Antik Yunan filozofları zamanı değişimle birlikte ele almışlardır. Bu noktada iki farklı grup ortaya çıkmıştır: Parmenides’i takip edenler ve Herakleitos’u takip edenler. Herakleitos varlığı değişimle özdeşleştirmiş ve “Aynı ırmaklara girenlerin üzerinden farklı sular akar”[2] ve “Güneş her gün yenidir”[3] diyerek değişimin varlıkların özündeki vazgeçilmez tözlerden[4] birisi olduğunu söylemiş ve değişimin kavrayıştaki önemini vurgulamıştır. (Herakleitos, 2018, s. 45, 57) Parmenides ve onun halefi[5] ve öğrencisi Elea’lı Zenon değişimin mümkün olmadığını dolayısıyla zamanın da olmadığını iddia etmişlerdir. Parmenides mantık ilkelerine sıkı sıkıya bağlıdır ve bunun bir sonucu olarak değişimin mümkün olamayacağını iddia eder. Onun hem şiir hem fragman olarak kabul edilen bölük pörçük yazılarında şöyle bir kısma rastlarız: “Ne önce vardı ne de sonra var olacak, çünkü şimdidir, tümden farksızdır, biriciktir, kesintisizdir: Zira onda nasıl bir doğuş arayabilirsin ki? Nasıl ve nereden büyüyecek? Ne varlık olmayandan çünkü söylenilebilir ve düşünülebilir değil “değil var” [yok].”[6] (Parmenides, 2022, s. 91) Parmenides’in bahsi geçen görüşü ise primitif[7] bir “idealist zaman anlayışını içerir. İdealizm veya idealism zamanın ontolojik bir varlığı olmadığını ve yalnız insan zihni tarafından yaratılan bir yanılsama olduğunu savunan görüştür. Bu noktada aynı düsturu takip eden Zenon birkaç farklı paradoks veya problem ortaya atmıştır. Bunlardan biri de Aşil (Akhilleus) ve kaplumbağa paradoksudur.

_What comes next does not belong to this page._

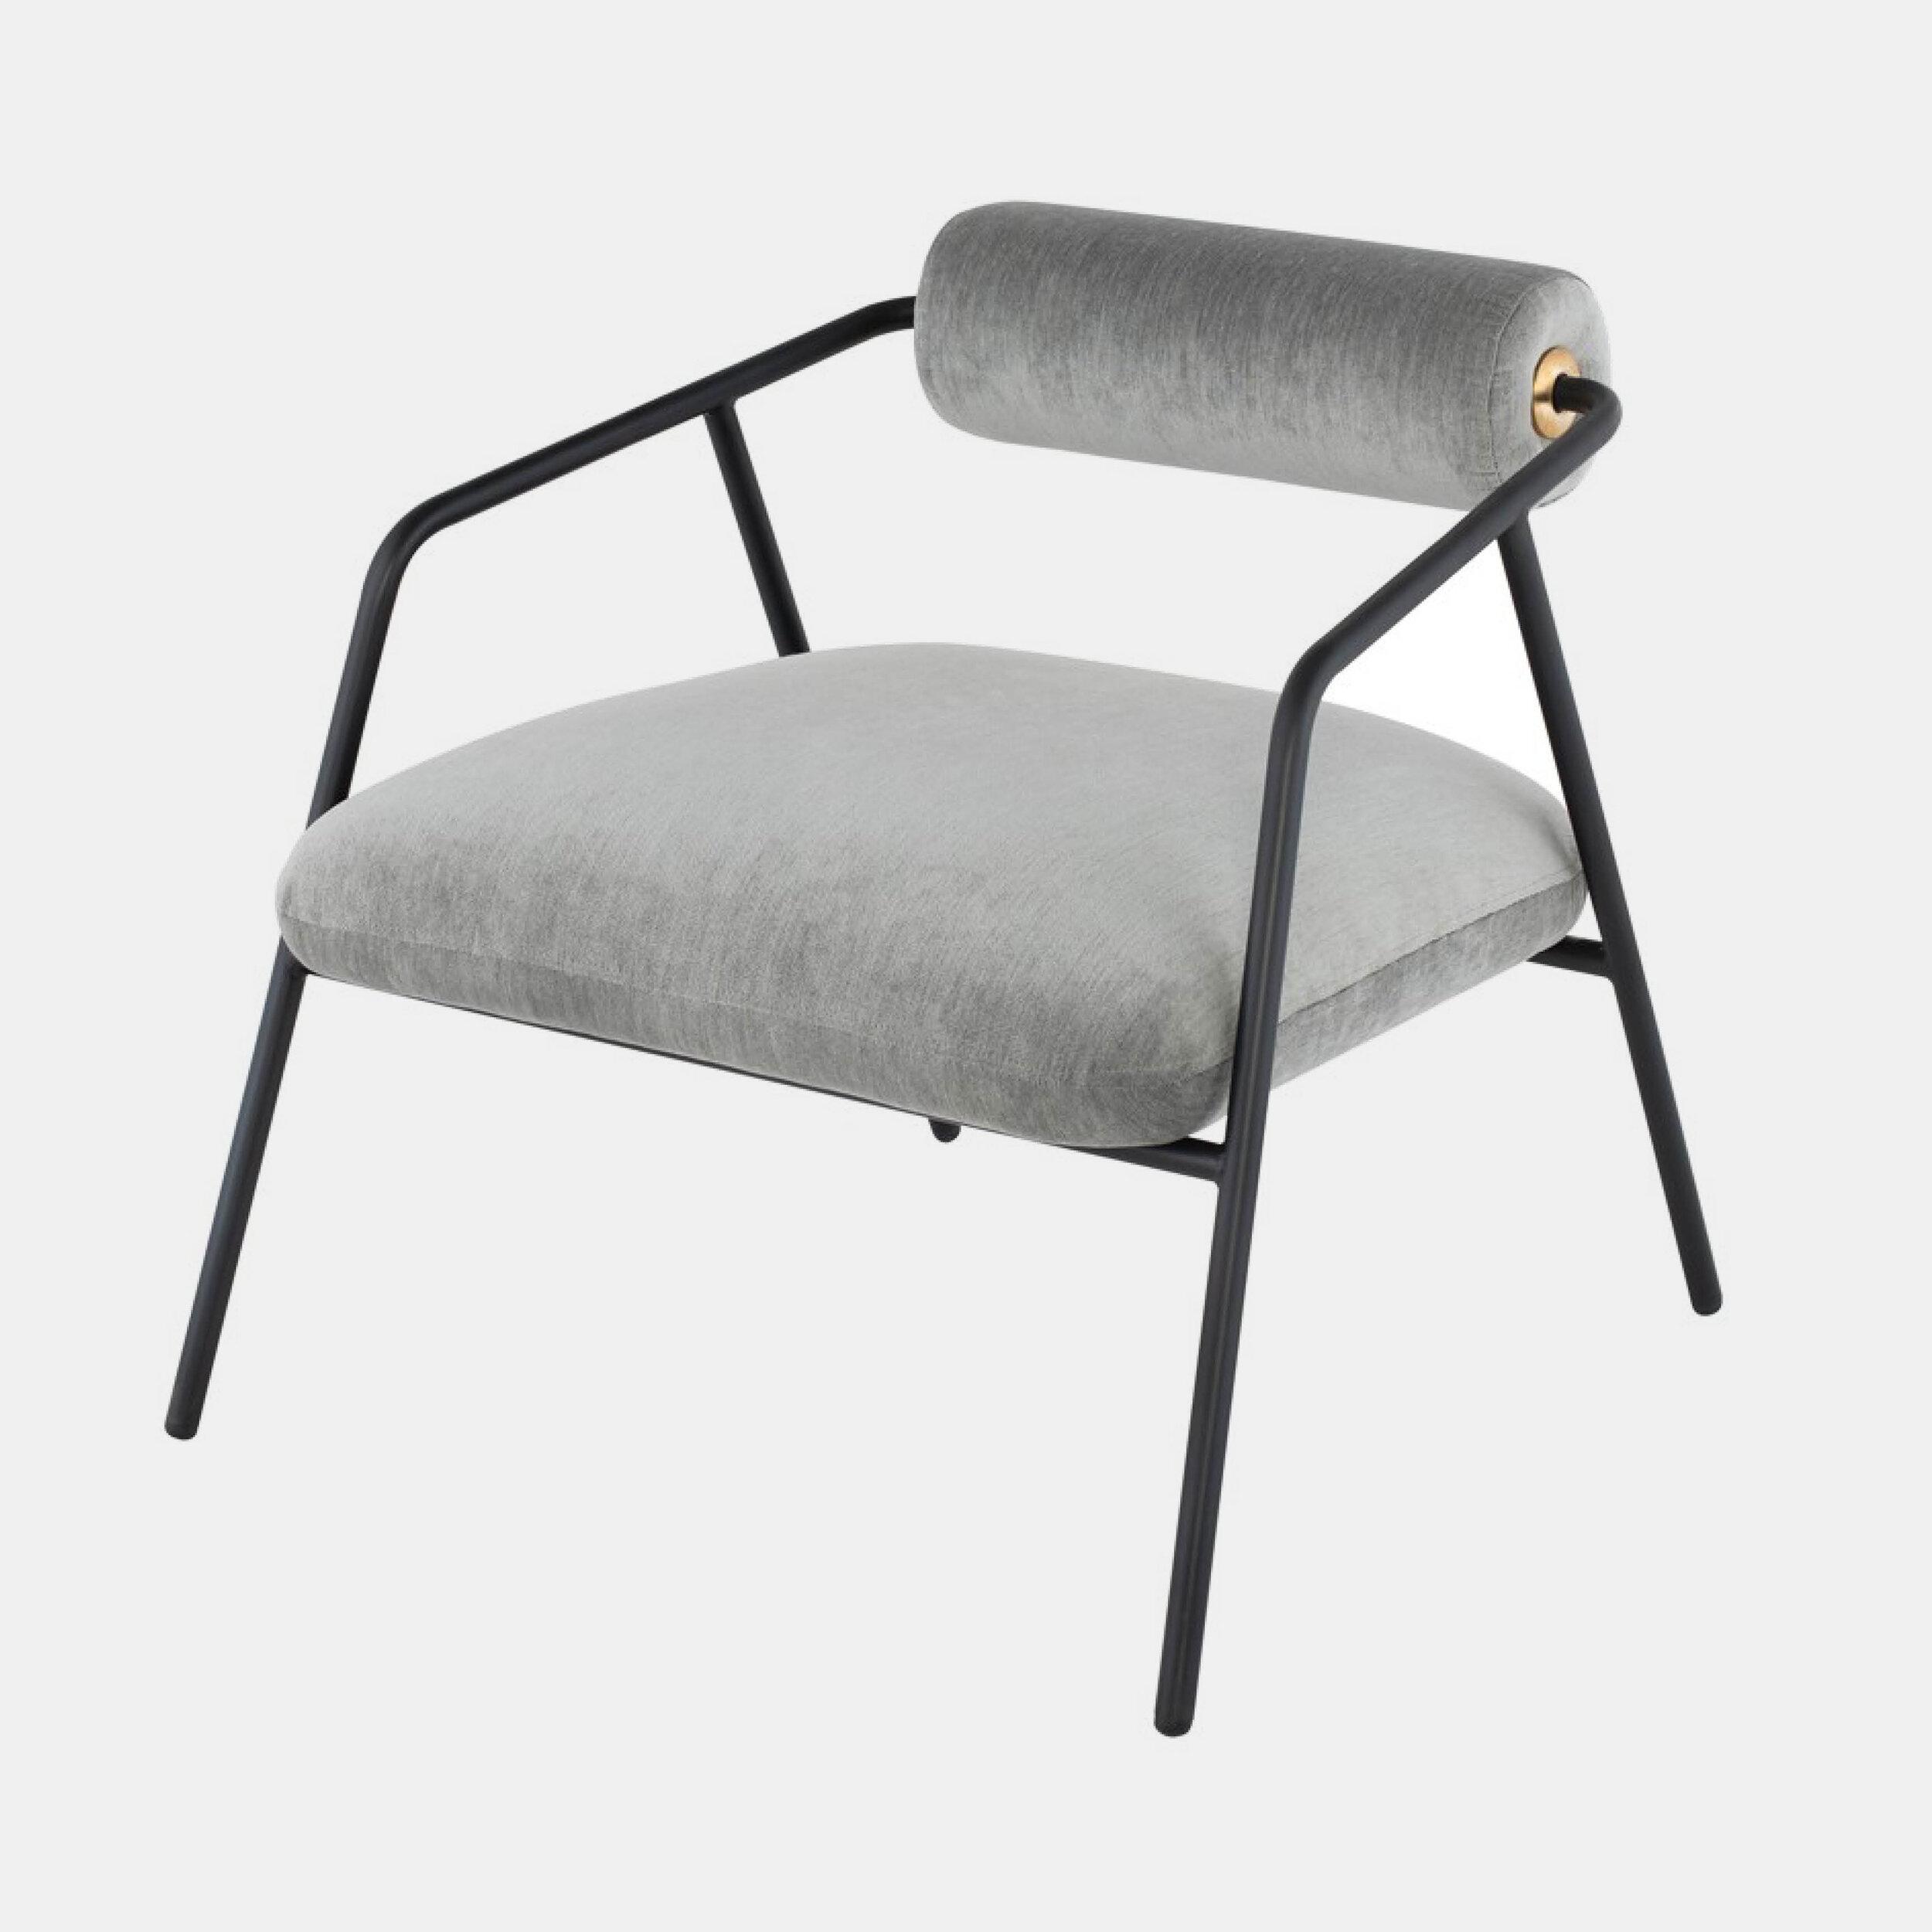 shop-mayker-home-gifting-design-nashville-hawkes-chair.jpg

Paradoksa göre kaplumbağa T1’den T2’ye gittiğinde ve Aşil de kaplumbağanın bir önceki konumuna gelirse (T1) ve bu hep kaplumbağa yavaşlasa veya her zaman gittiği yolun yarısını da gitse Aşil’in hızı ne olursa olsun kaplumbağaya yetişemeyeceği anlamına gelir. Kaplumbağa da her zaman gittiği yolun yarısını giderse hiçbir zaman bitişe varamaz, dolayısıyla ne kaplumbağa ne de Aşil yarışı kazanamaz. (Bardon, 2021, s. 11, 12) Zenon’un bu paradoksu ne kadar matematiksel ve mantıksal açıdan büyük bir felsefi devrim yaratsa da Aristo bu noktada Zenon’a bir itiraz getirmiştir.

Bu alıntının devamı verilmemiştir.